▶ AVAILABLE DATA
------
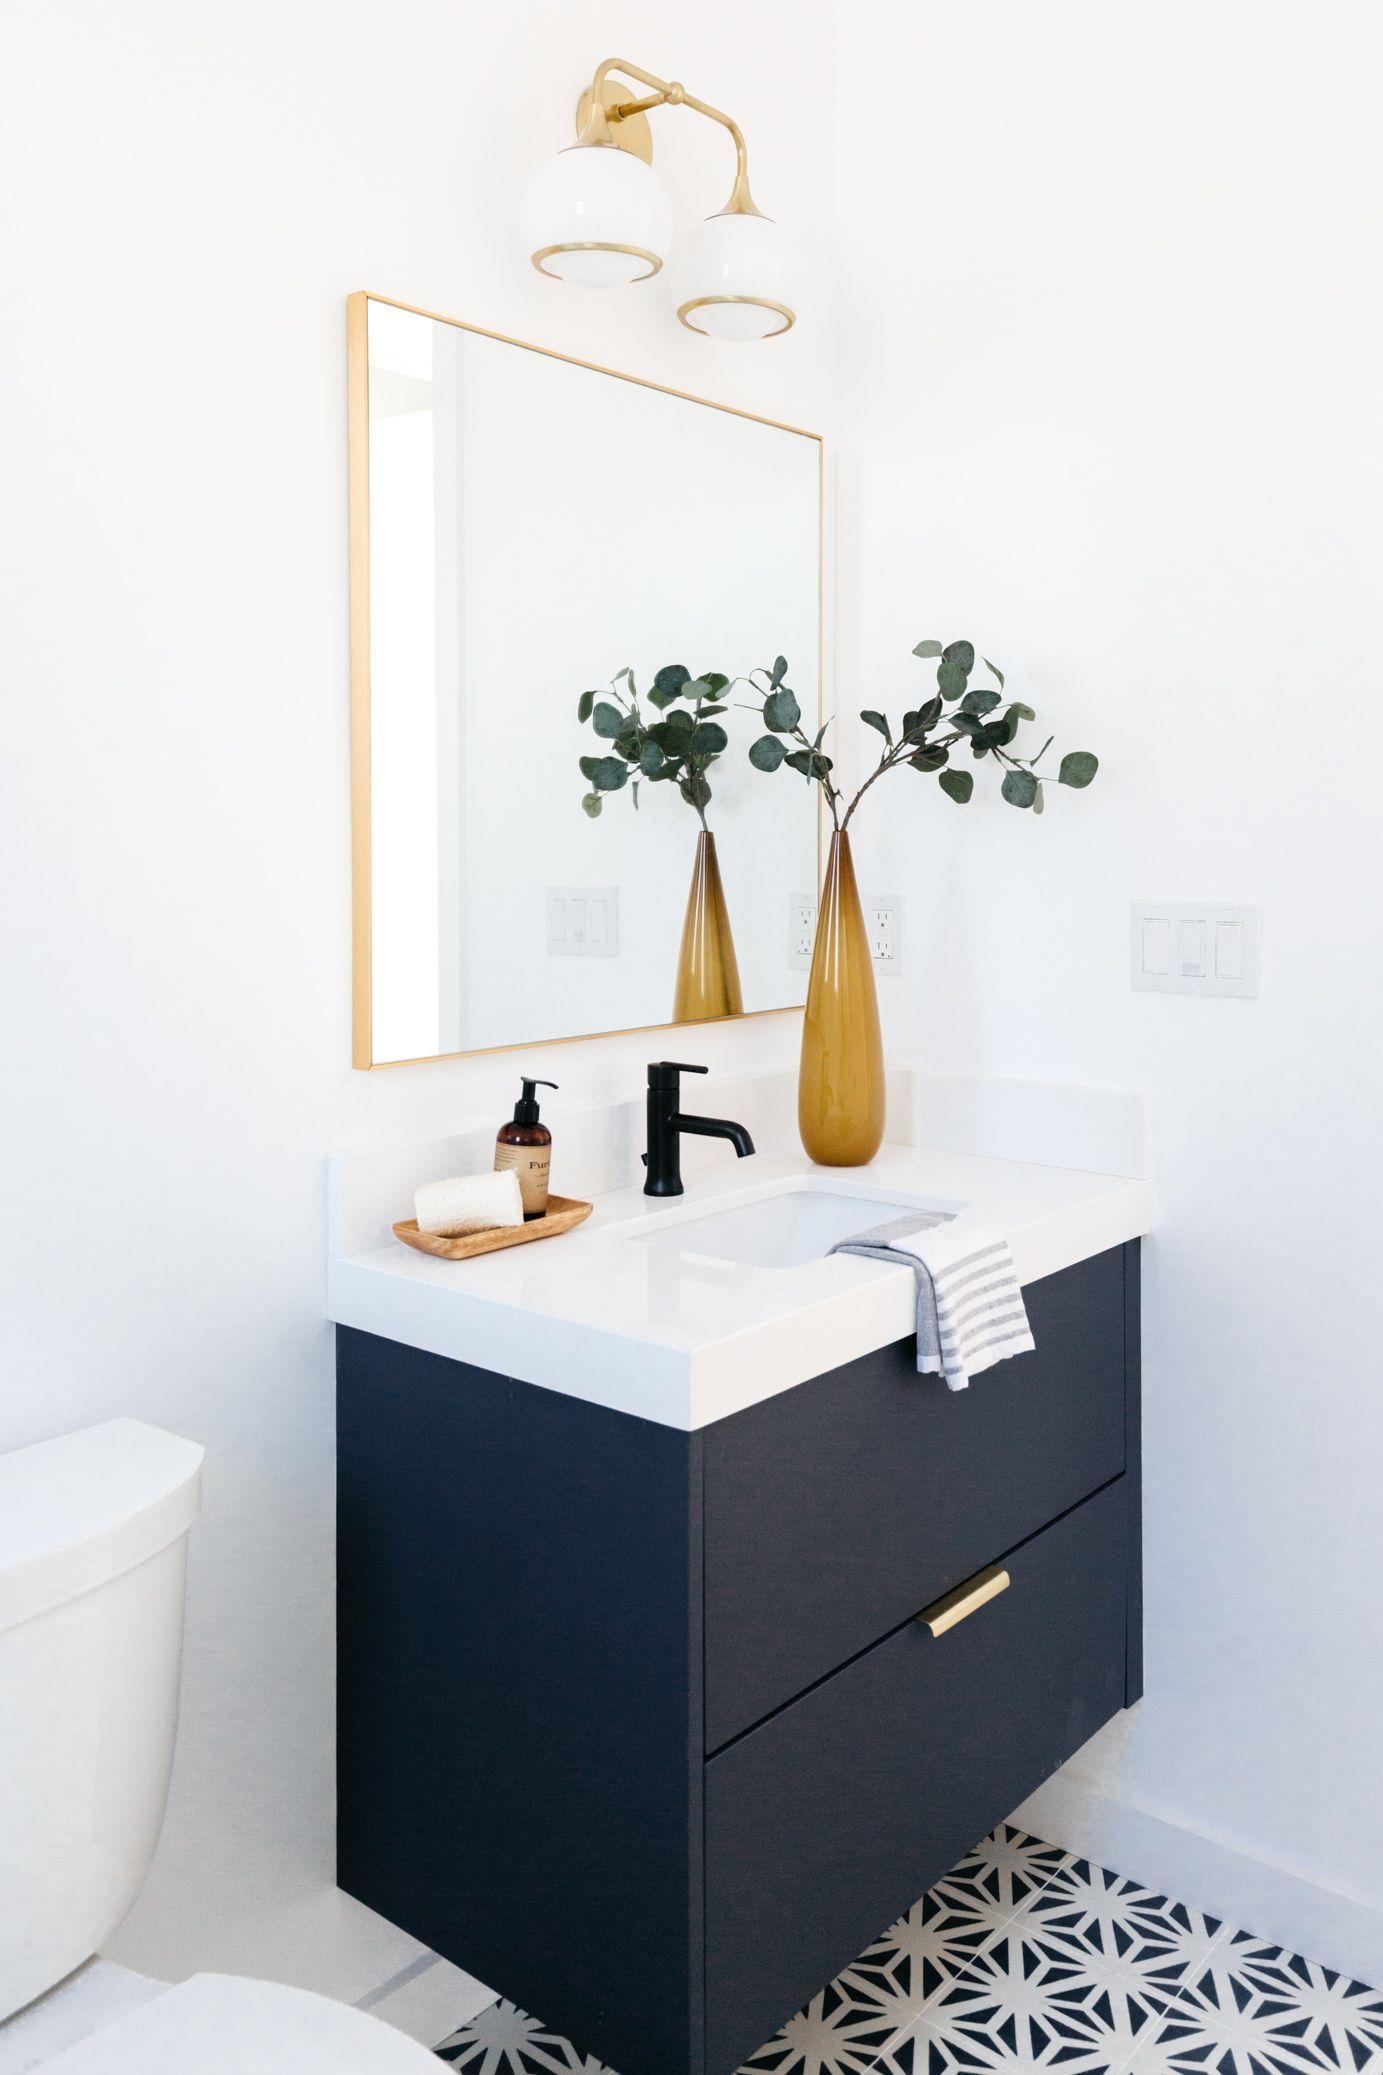 Semihandmade cabinet fronts in the bathroom in 2020 | Ikea ...
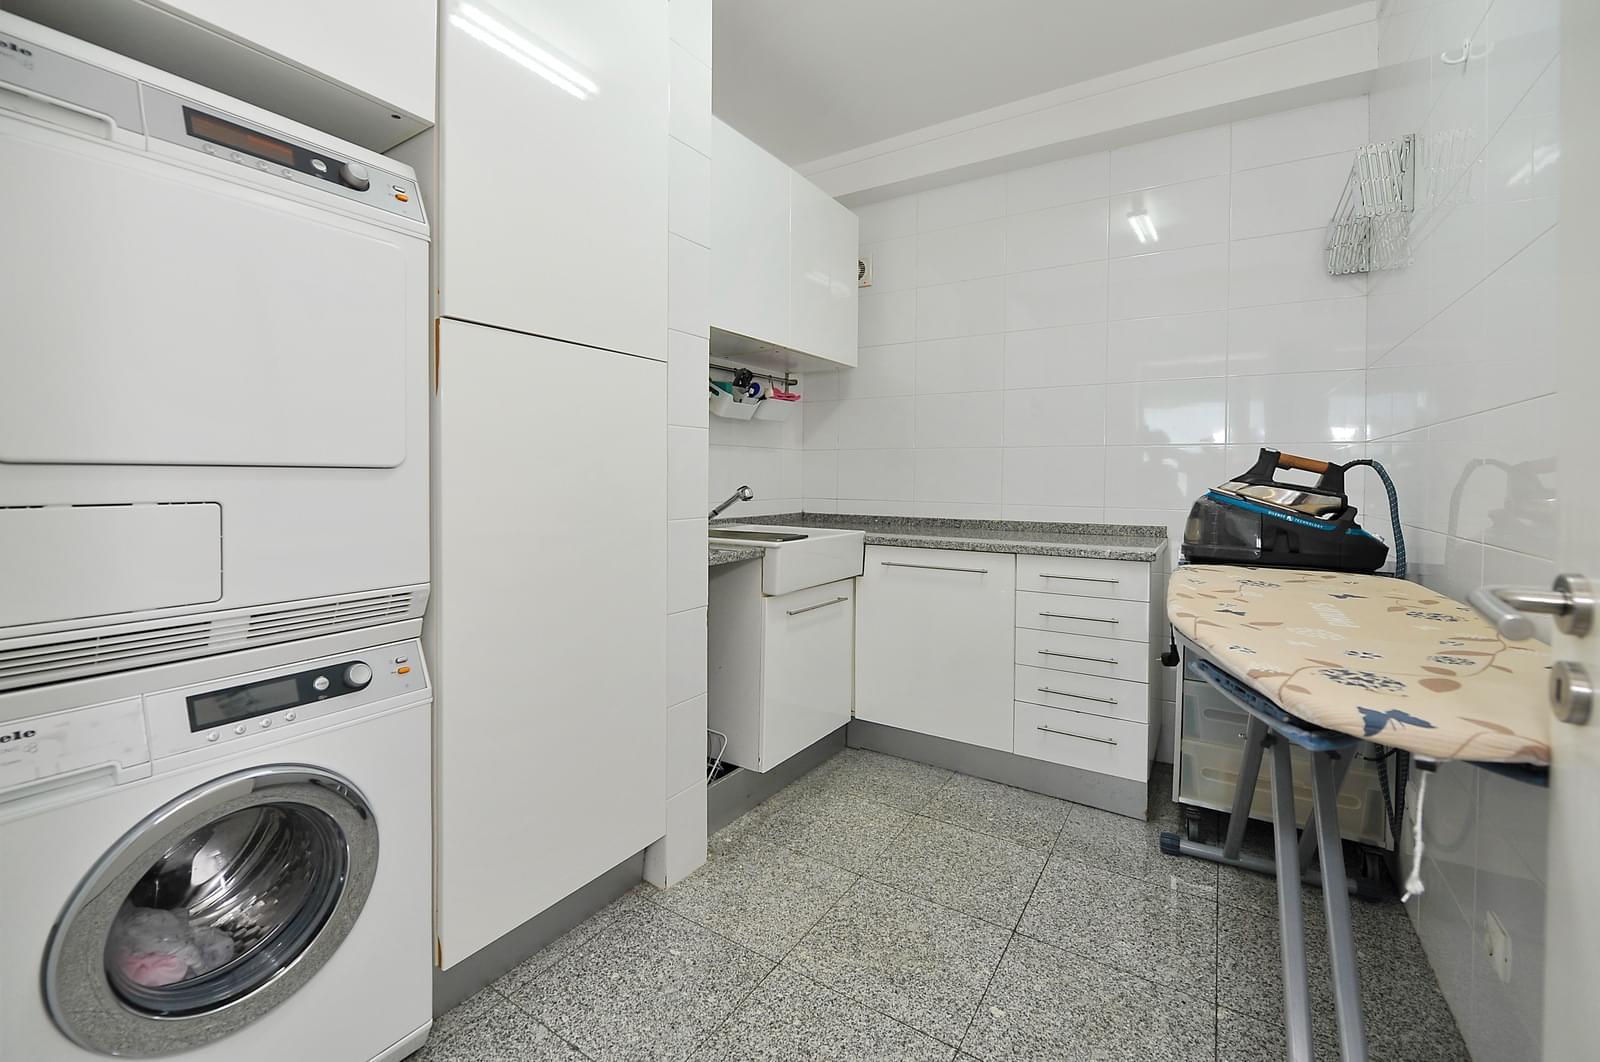 pf16896-apartamento-t4-2-oeiras-83c81a49-952a-47f7-94a7-6fb722381ed1
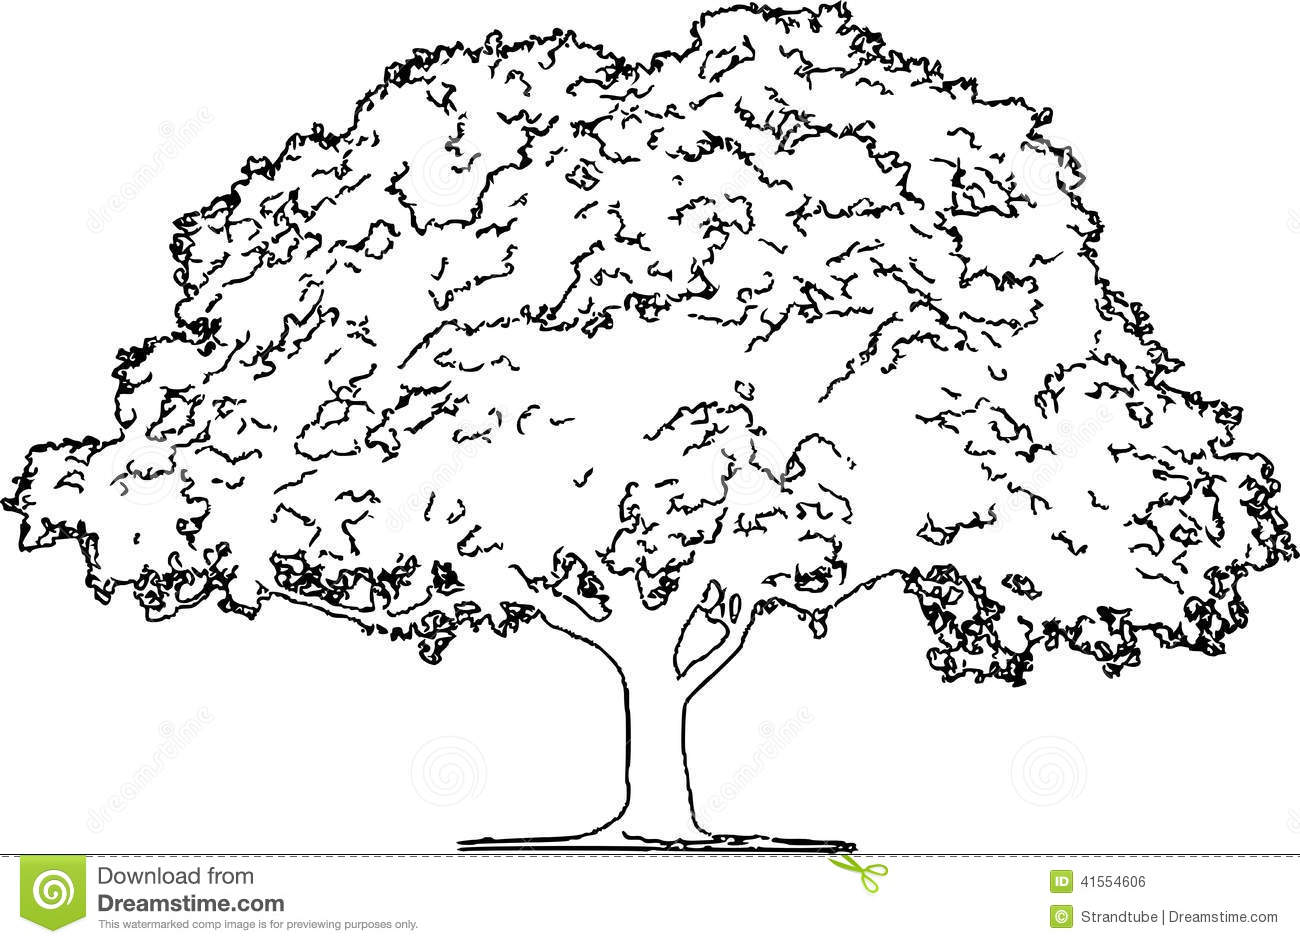 Major oak leaf clipart black and white image transparent Black And White Tree Sketch at PaintingValley.com | Explore ... image transparent
------
▶ TASK TO COMPLETE
Reproduce the whole listing above character for character; pictures do not belong in it.

▶ ANSWER SPACE
 Semihandmade cabinet fronts in the bathroom in 2020 | Ikea ...
 pf16896-apartamento-t4-2-oeiras-83c81a49-952a-47f7-94a7-6fb722381ed1
 Major oak leaf clipart black and white image transparent Black And White Tree Sketch at PaintingValley.com | Explore ... image transparent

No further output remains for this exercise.